Медик Нина Павловна всплеснула руками и начала громко охать, увидев мои бедные уши. С трудом я стерпела, чтобы не заорать, когда она вытаскивала из них стрекоз, покрытых коростами засохшего гноя.
– Теперь каждый день утром и вечером приходи ко мне на промывание, – сказала она и прибавила строго: – Только не вздумай засовывать обратно эту «красоту», ещё сепсиса нам не хватало! Надо было золотые серёжки вставлять, а не простые…
«Золотые – скажете тоже», – хотела проворчать я, но смолчала. Нина Павловна была хорошей. Я не сомневалась, что если ей не грубить, то история про мои несчастные уши не дойдёт до ушей ТэКа.
Пришлось идти на конкурс ничем не приукрашенной, так сказать, в своей естественной красоте… Ну, почти естественной. Ангелина поработала над моим имиджем: здорово уложила чуть обросшие вихры своим стайлингом, мастерски подвела стрелки, а потом достала из своего чемодана что-то гладкое, нежно-розовое, длинное, на лямочках, с цветочками и воланами.

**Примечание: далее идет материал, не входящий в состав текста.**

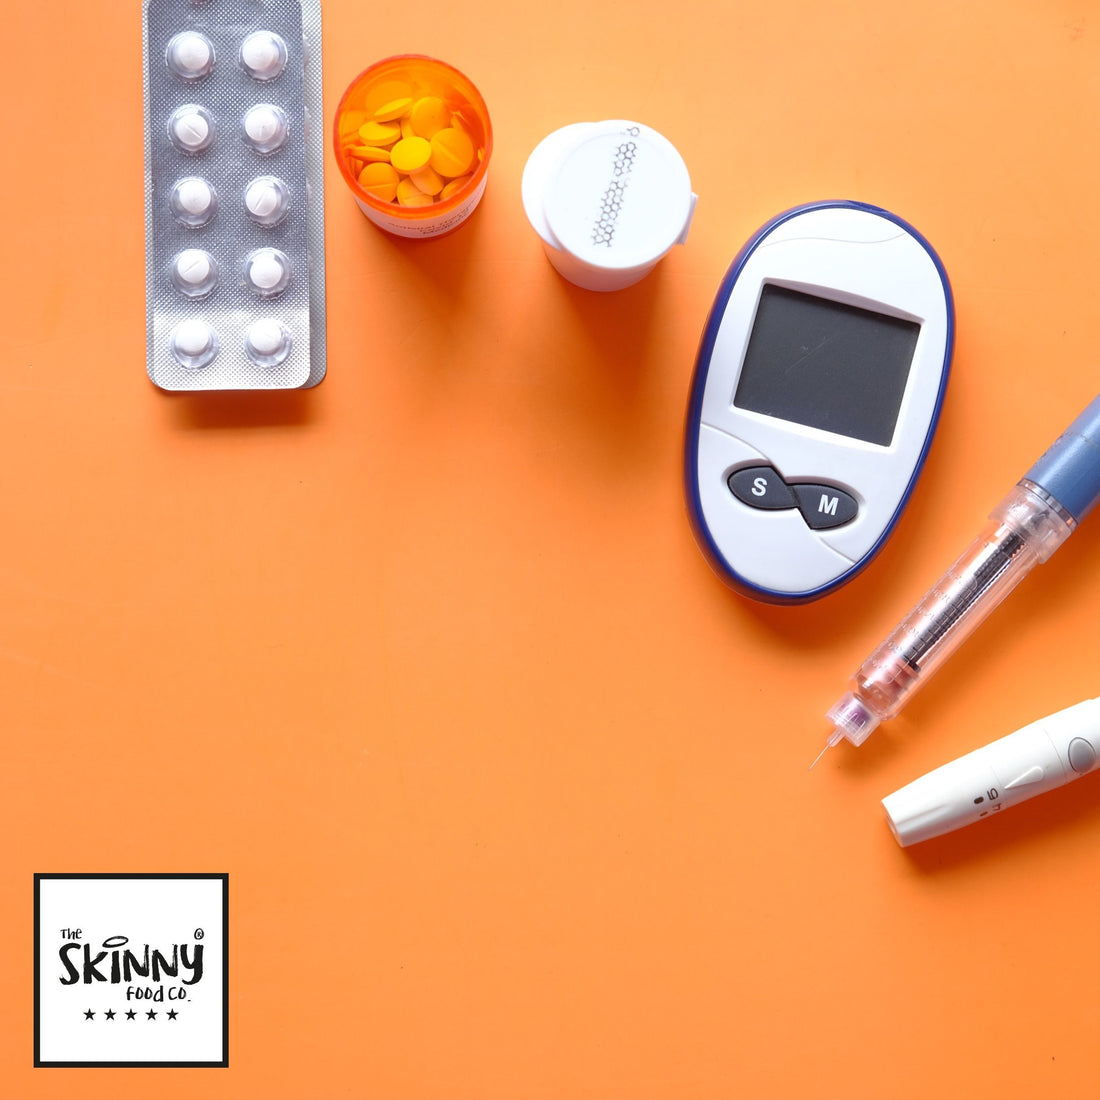 5 fő tipp cukorbetegek számára – theskinnyfoodco

– Вау, какое платье, – умилилась я, – неужели это мне?
– Конечно! Для королевы смены – королевский наряд.
Было очень лестно услышать от подруги такие слова. «Какой счастливый день», – думала я, любуясь платьем. В моих собственных вещах, взятых в лагерь, не было совершенно ничего подходящего для того, чтобы блеснуть. Вообще-то платья и юбки – это не моё, я их надеваю очень редко, но тут-то был особенный случай!
– Спасибо, что веришь в меня, – обняла я Ангелину. – А почему ты сама не захотела участвовать?
– Ну, я не талантливая…
– Как, совсем?
Геля пожала плечами:
– Петь не умею, танцую так себе, театрального дара тоже нет, даже стихи запомнить не могу, а уж прозу тем более…

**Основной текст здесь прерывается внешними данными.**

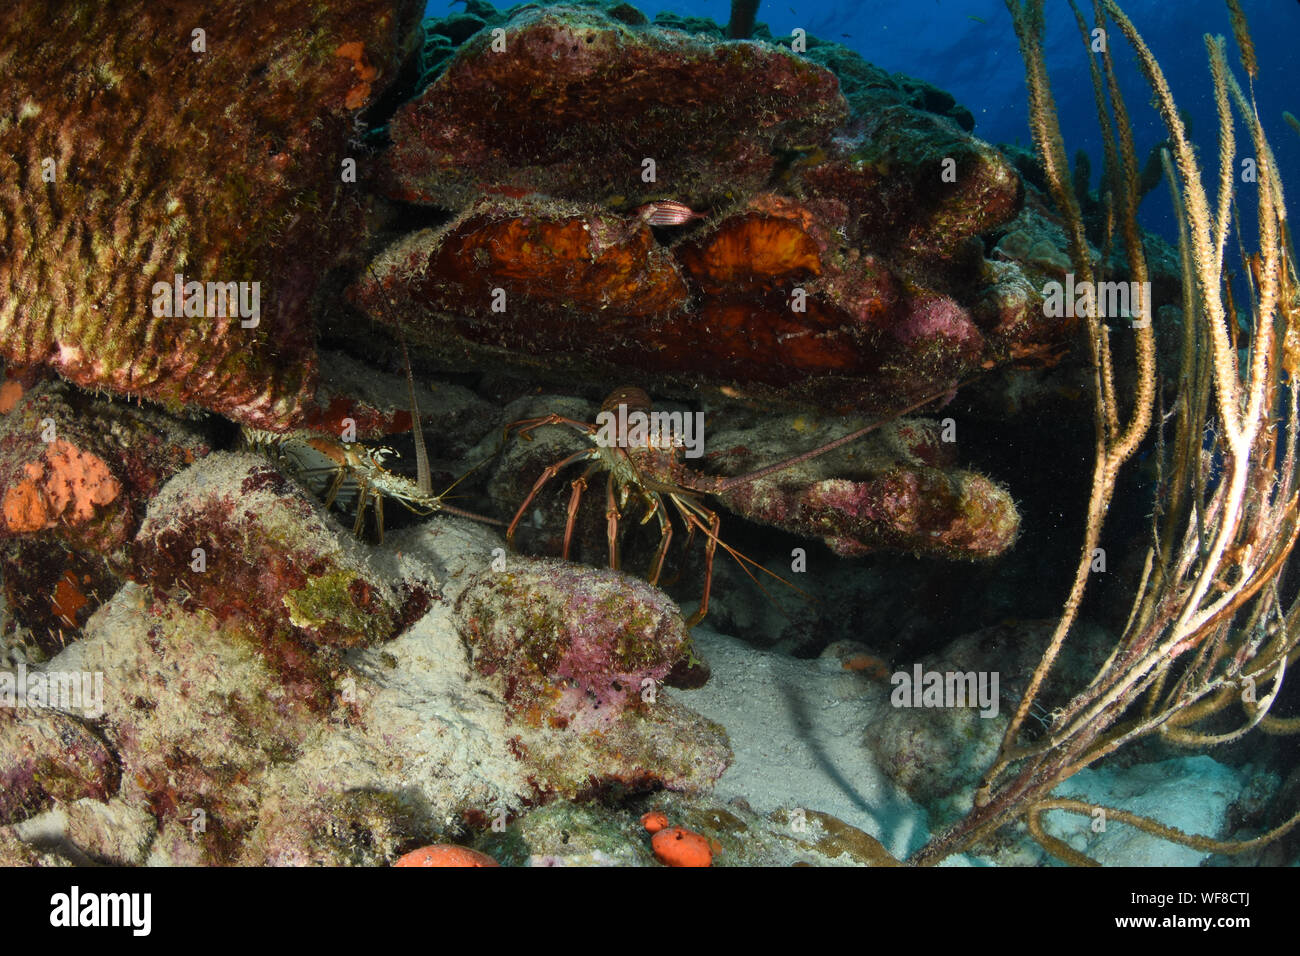 La langosta marina caribeña espinosa (Panulirus argus) habita en aguas tropicales y subtropicales del Océano Atlántico, Mar Caribe, Foto de stock

– Зато у тебя руки золотые. Смотри, какую красотку из меня сделала!
– Думаю, чтобы победить в конкурсе, надо во всем быть на высоте, а иначе… в общем, не люблю я проигрывать.
Я не придала значения словам подруги, начав кружиться по комнате в чудесно развевающемся шёлке. Вспомнила их уже во время испытаний. Конкурс строился по принципу десяти негритят. Помните, считалочку-страшилку? Что-то вроде: «Десять негритят пошли купаться в море. Одни из них утоп – ему купили гроб…» Так уж получилось, что участниц было как раз десять – по две девочки от каждого отряда. «Дочки рабочих» представляли я и курносая Николь.
Уже первое задание, «Умелые ручки», повергло меня в трепет и уныние. Во-первых, нам повязали фартуки – прямо на платье! – и дурацкие косынки на голову. Во-вторых… Не скажу, что я такая уж белоручка, но чистить картошку… ножом… да кто такое придумал?! Дома мама давала мне для этого овощечистку – и то я порезалась однажды. Стараясь не остаться без пальцев и при этом уложиться по времени, которое буквально утекало в песочных часах, я кое-как пообрубала толстые куски шкуры от большой, не помещающейся в ладони картофелины. В результате моих стараний она уменьшилась раза в три. За такое издевательство над овощем жюри наградило меня… аж двумя очками. Негусто, конечно, но у тех двух несчастливиц, что выбыли из конкурса в самом начале борьбы за корону, было и вовсе по одному.
– Главное, что ты осталась в деле, – подбодрила меня Геля.
– Да уж, хорошенькое начало. Я даже боюсь представить, какие испытания ждут впереди…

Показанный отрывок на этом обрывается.